As has been shown, Riley never resided on block 16 as the purchaser or owner thereof but only as a tenant paying a monthly rental therefor, and subject to eviction at any time he defaulted in any of the several obligations imposed upon him in the lease contract. Ordinarily, as the purchaser of the property under an executory contract, he could have gone into possession and exercised dominion over the premises for all purposes, subject only to the vendor's equitable title. But, under the express terms of the contract of purchase, his right of entry was postponed, to ripen only upon his payment in full of the purchase price, a condition which he never performed. Of course, if under his contract of purchase as distinguished from his lease contract he had gone into possession for the purpose of making the premises his home site, the fact that the lien to secure the purchase price was outstanding would not have impaired or affected the homestead character thus sought to he impressed upon the premises, and, in the case of a rural homestead, this character would automatically extend to all the land used by the claimant as a part of, or incident to, the family use, so long as the whole did not exceed 200 acres. But he never obtained that character of possession.

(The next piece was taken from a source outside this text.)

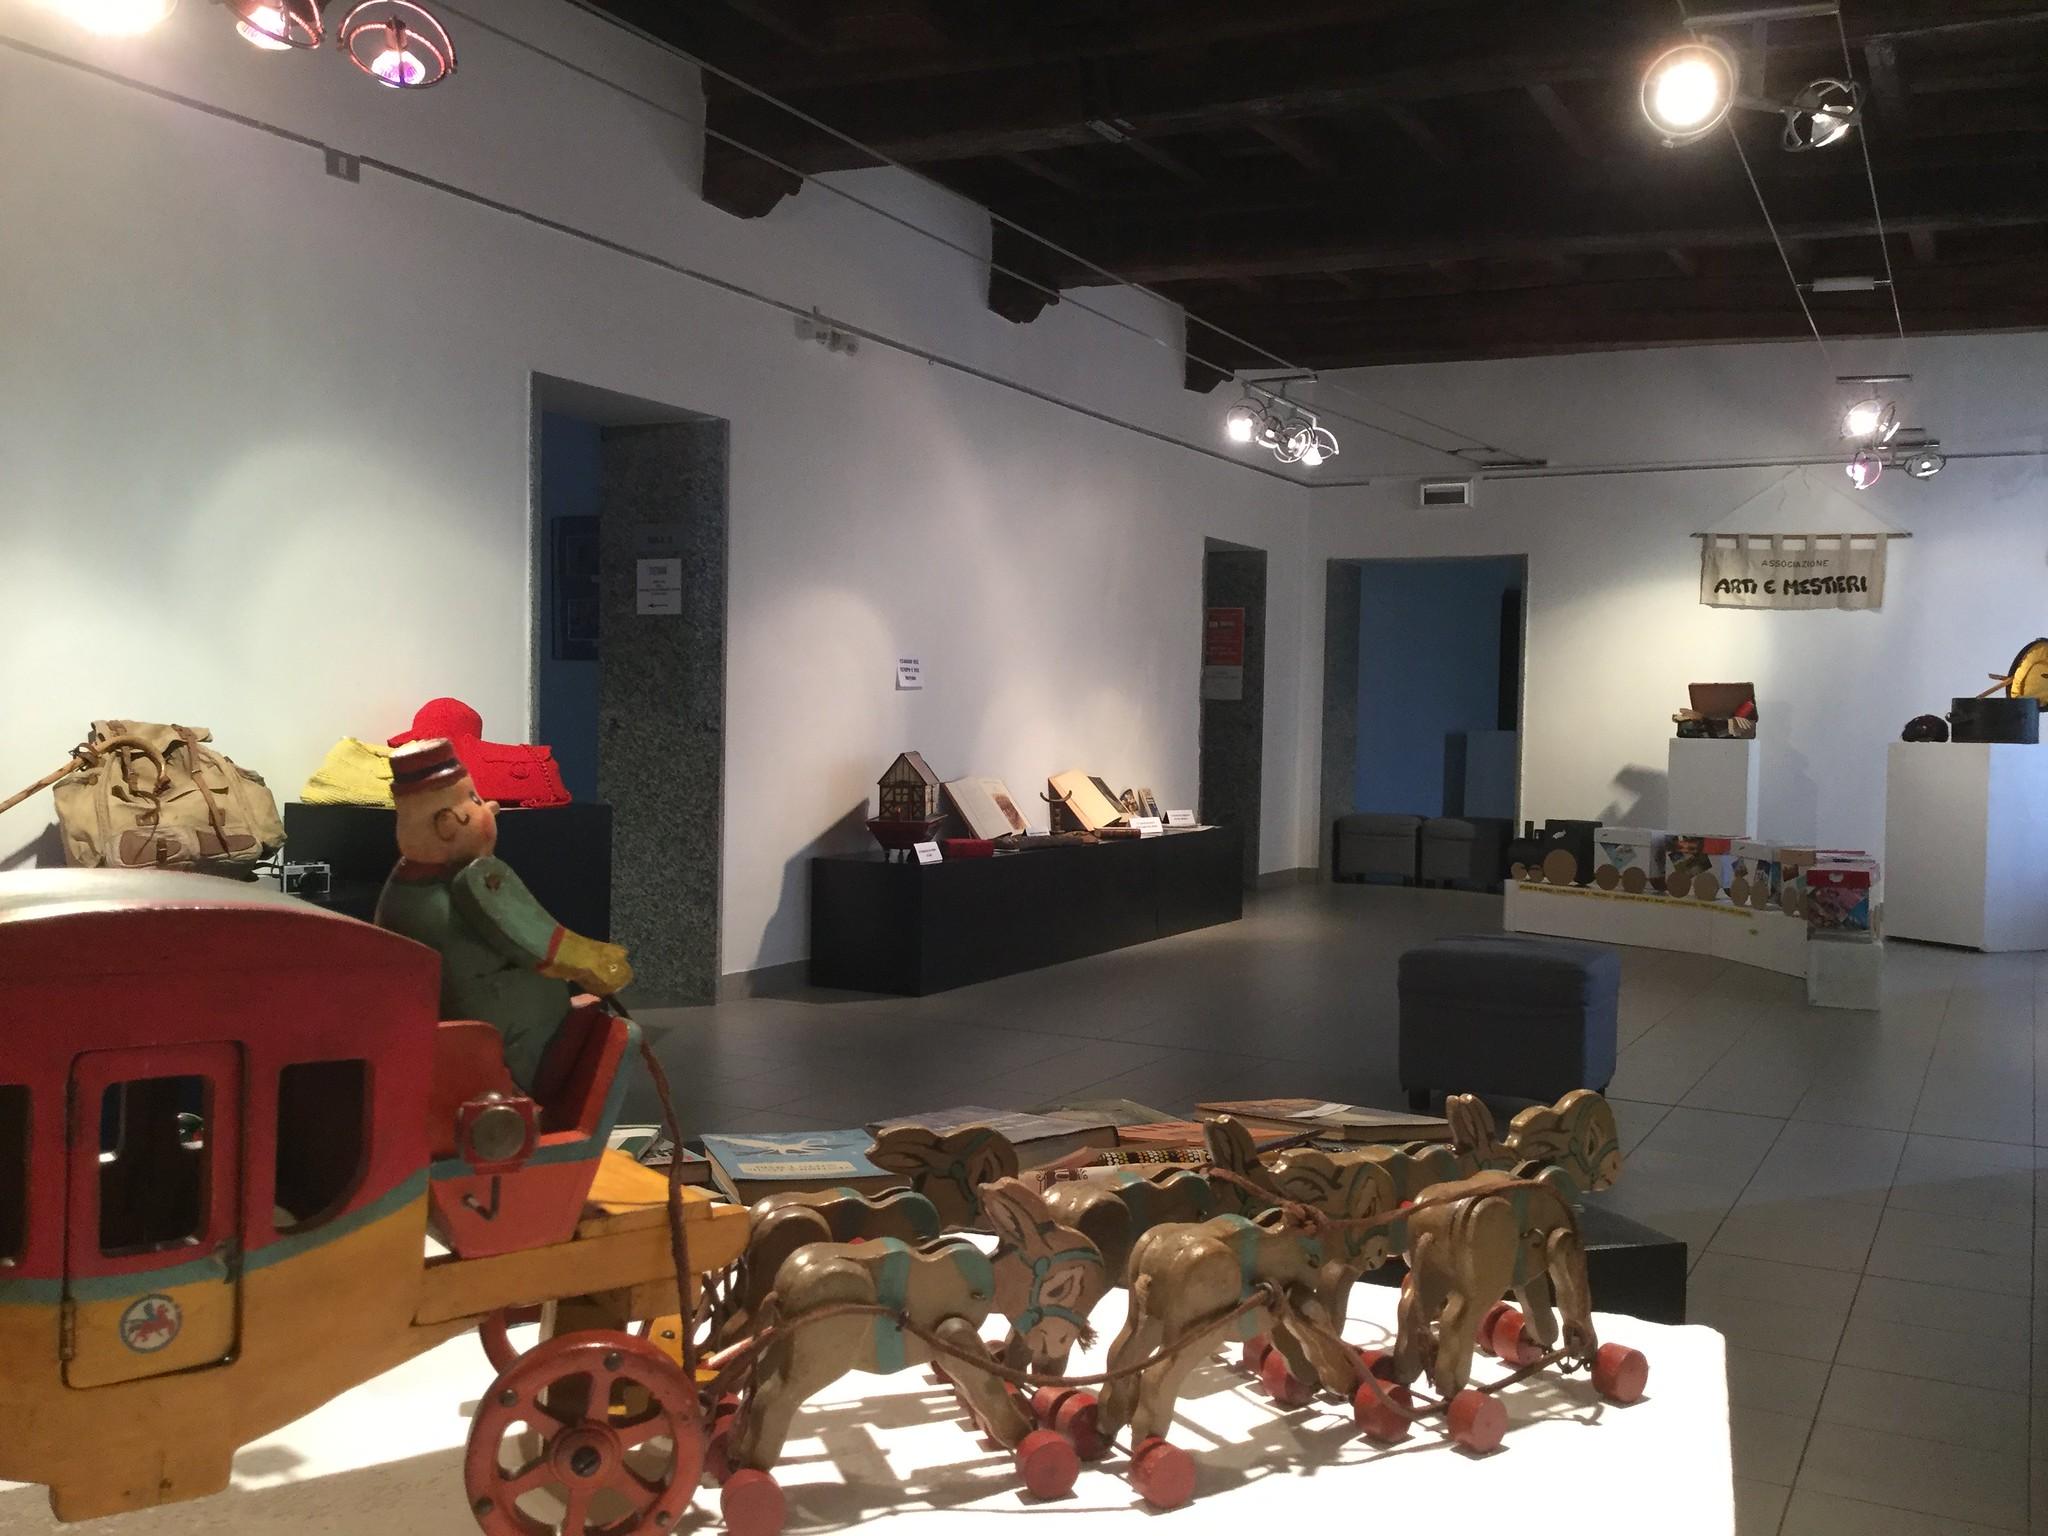 Arti e Mesrtieri: Il Viaggio

We do not think Riley's peculiar possession and occupancy of block 16 was such as would enable him in virtue thereof to impress the homestead character upon the adjoining blocks 9 to 15, which he purchased solely as a speculation, and which he never intended to improve or occupy for homestead purposes. Franklin v. Coffee, 18 Tex. 413, 70 Am.Dec. 292; Hampton v. Gilliland, 23 Tex. Civ. App. 87, 56 S.W. 572; Loessin v. Washington, 23 Tex. Civ. App. 515, 57 S.W. 990; Roberts v. Trout, 13 Tex. Civ. App. 70, 35 S.W. 323. We do not think it was intended under the homestead provision to exempt any land, whether attached to the home site or not, unless it was the intention of the one claiming the exemption to actually make and use such land as a part of the homestead premises. In this case no such intention was shown to exist in Riley with reference to blocks 9 to 15, and in our opinion he was not entitled to the exemption upon those blocks.
The motions for rehearing are overruled.